Proving $i\implies ii$. Let $x,y\in O$ such that $[x,y]\subset 0.$ Then, by MVT, $\exists \;c\in [x,y]$ such that \begin{align}\Vert f(x)-f(y) \Vert\leq \sup\limits_{c\in [x,y]}\Vert f'(c) \Vert\Vert x-y \Vert\end{align} \begin{align}\qquad\qquad\qquad\leq \sup\limits_{c\in O}\Vert f'(c) \Vert\Vert x-y \Vert\end{align} Since $f'$ is bounded and $\sup\limits_{c\in O}\Vert f'(c) \Vert<\infty;$ then, let $k=\sup\limits_{c\in O}\Vert f'(c) \Vert.$ So, we have \begin{align}\Vert f(x)-f(y) \Vert\leq k\Vert x-y \Vert\end{align} This implies that $f$ is globally bounded.

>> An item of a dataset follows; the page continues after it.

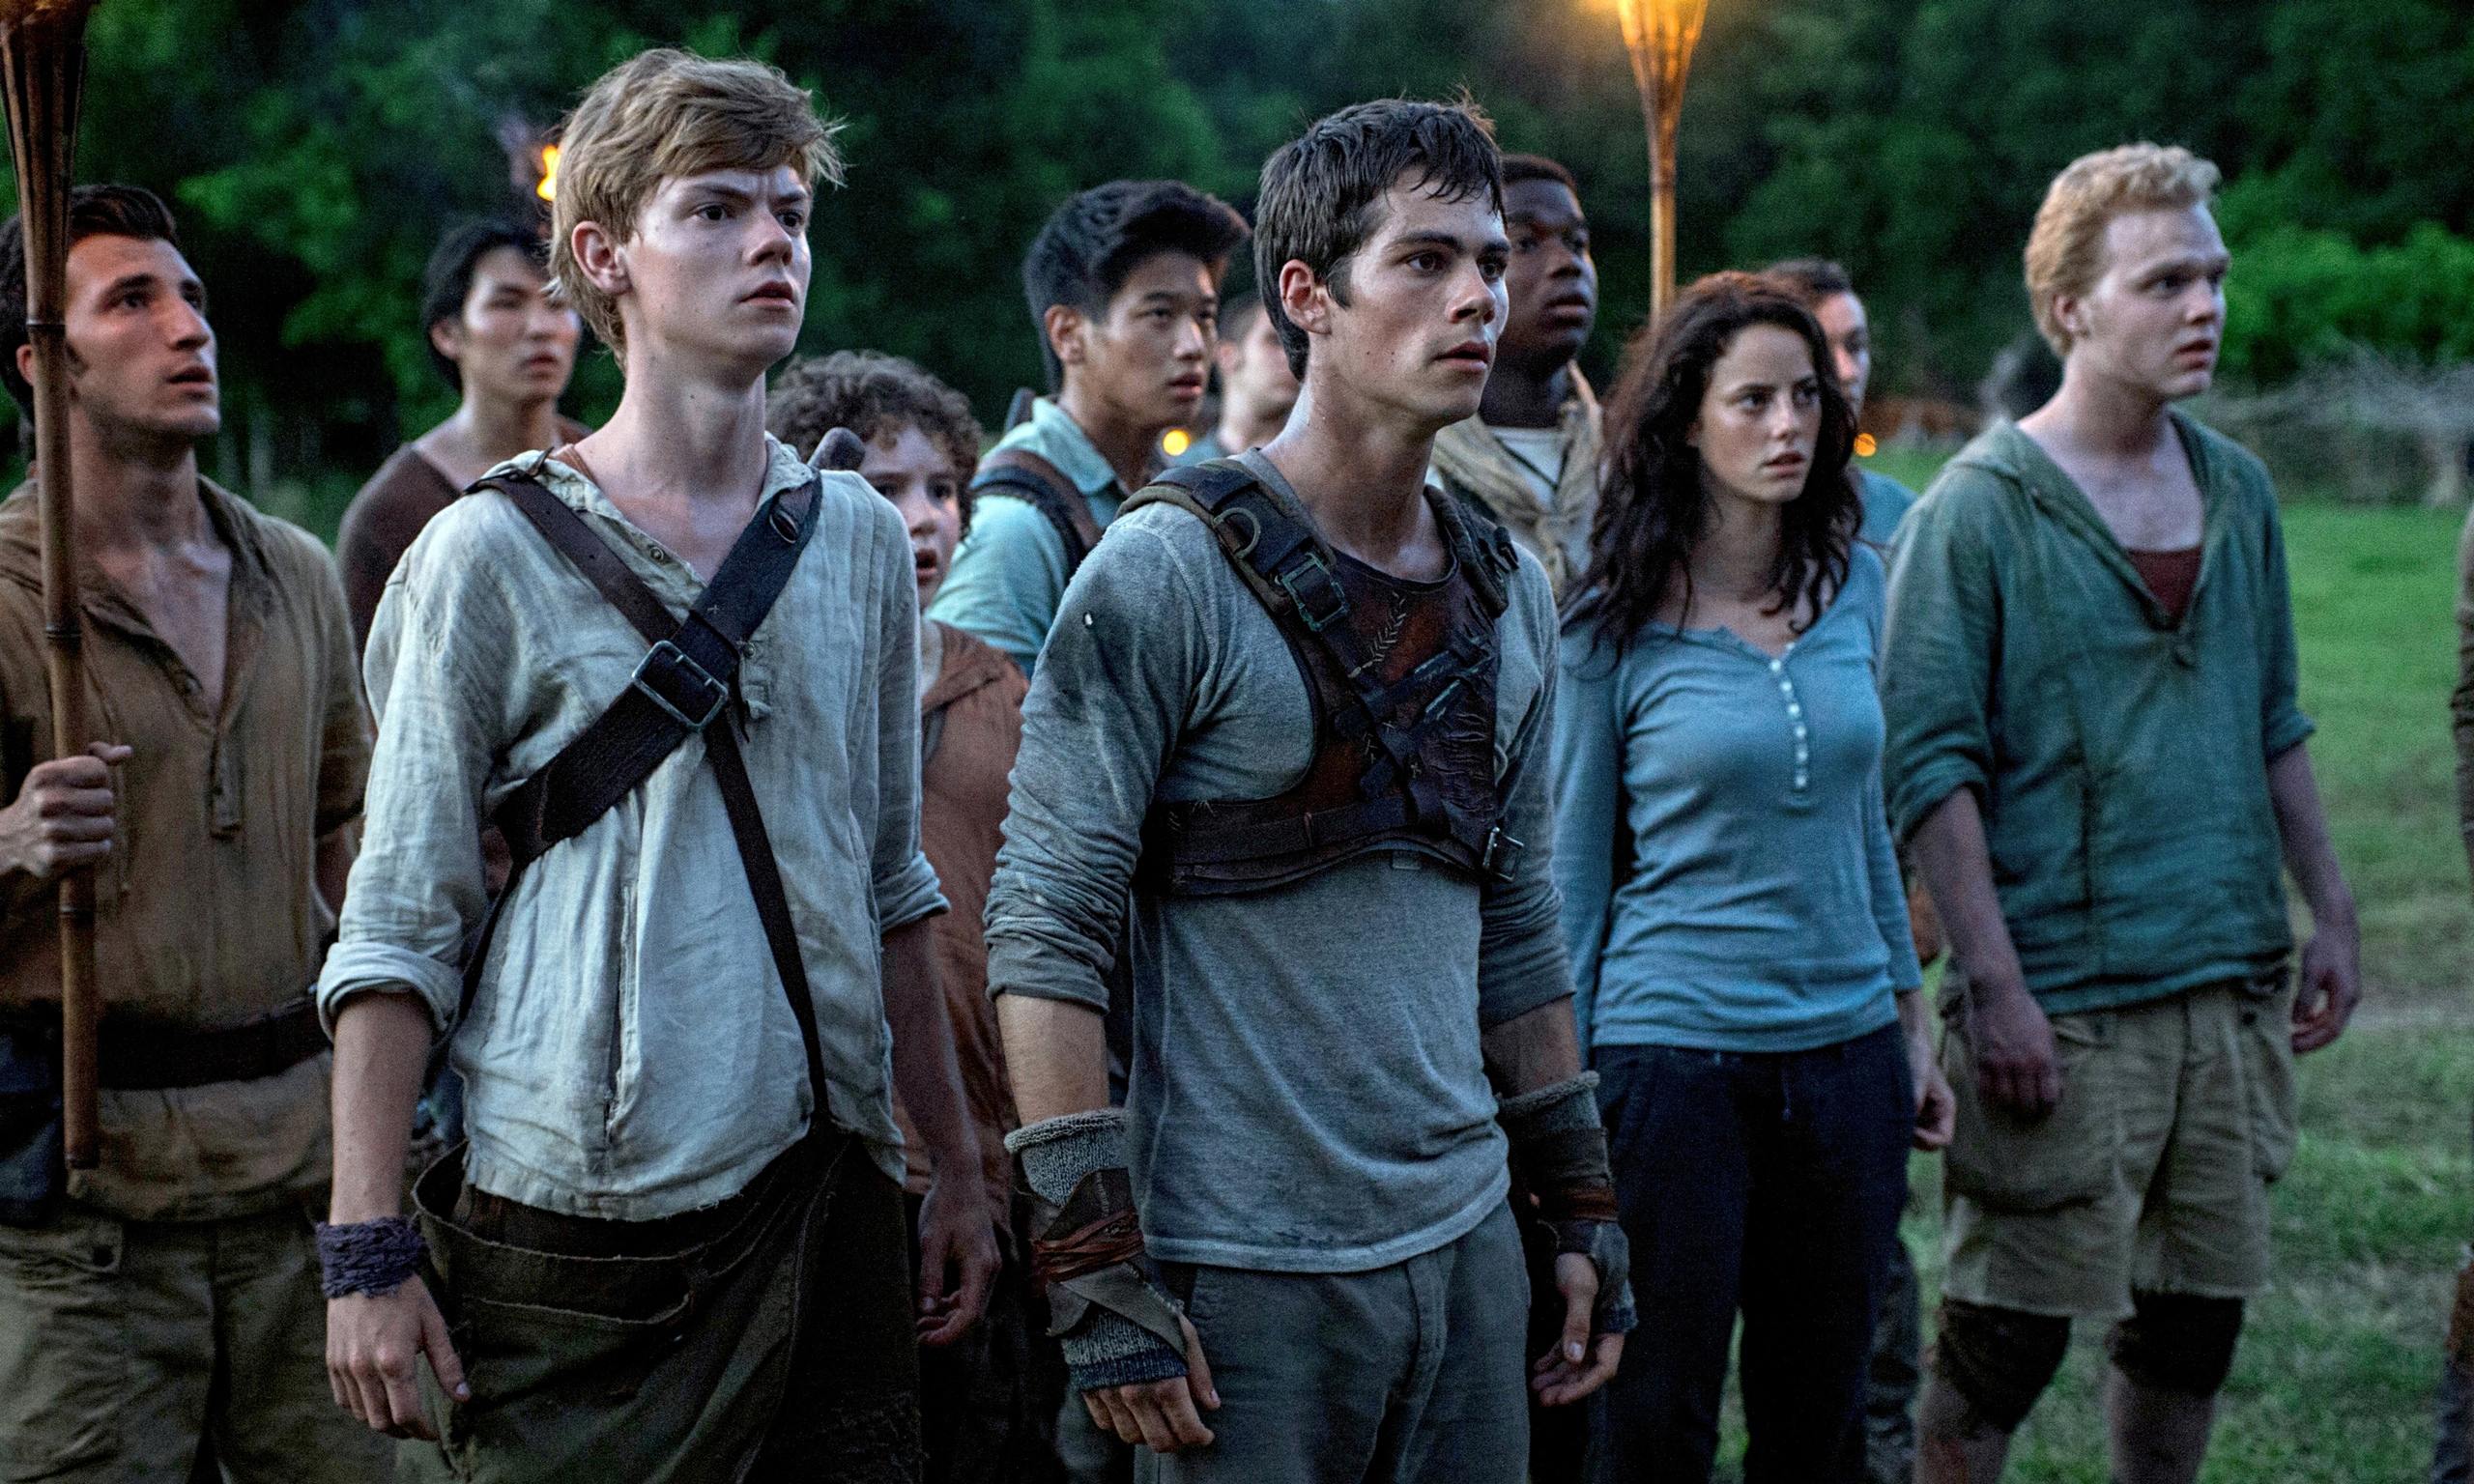 How to Watch The Maze Runner

Proving $ii\implies i$. Let $f$ be globally globally Lipschitz, then $\exists\;k>0$ such that \begin{align}\Vert f(x)-f(y) \Vert\leq k\Vert x-y \Vert,\;\;\forall \;x,y\in\,O\end{align} \begin{align}\frac{\Vert f(x)-f(y) \Vert}{\Vert x-y \Vert}\leq k,\;\;\forall \;x,y\in\,O\end{align} Since $f$ is differentiable, we take the directional derivative as $x\to y$, we have \begin{align}\Vert f'(y) \Vert\leq k,\;\;\forall \;y\in\,O\end{align} Taking $\sup,$ we have that \begin{align}\sup\limits_{y\in O}\Vert f'(y) \Vert\leq k.\end{align} Please, I'm I correct? If not, alternative proofs will be highly regarded.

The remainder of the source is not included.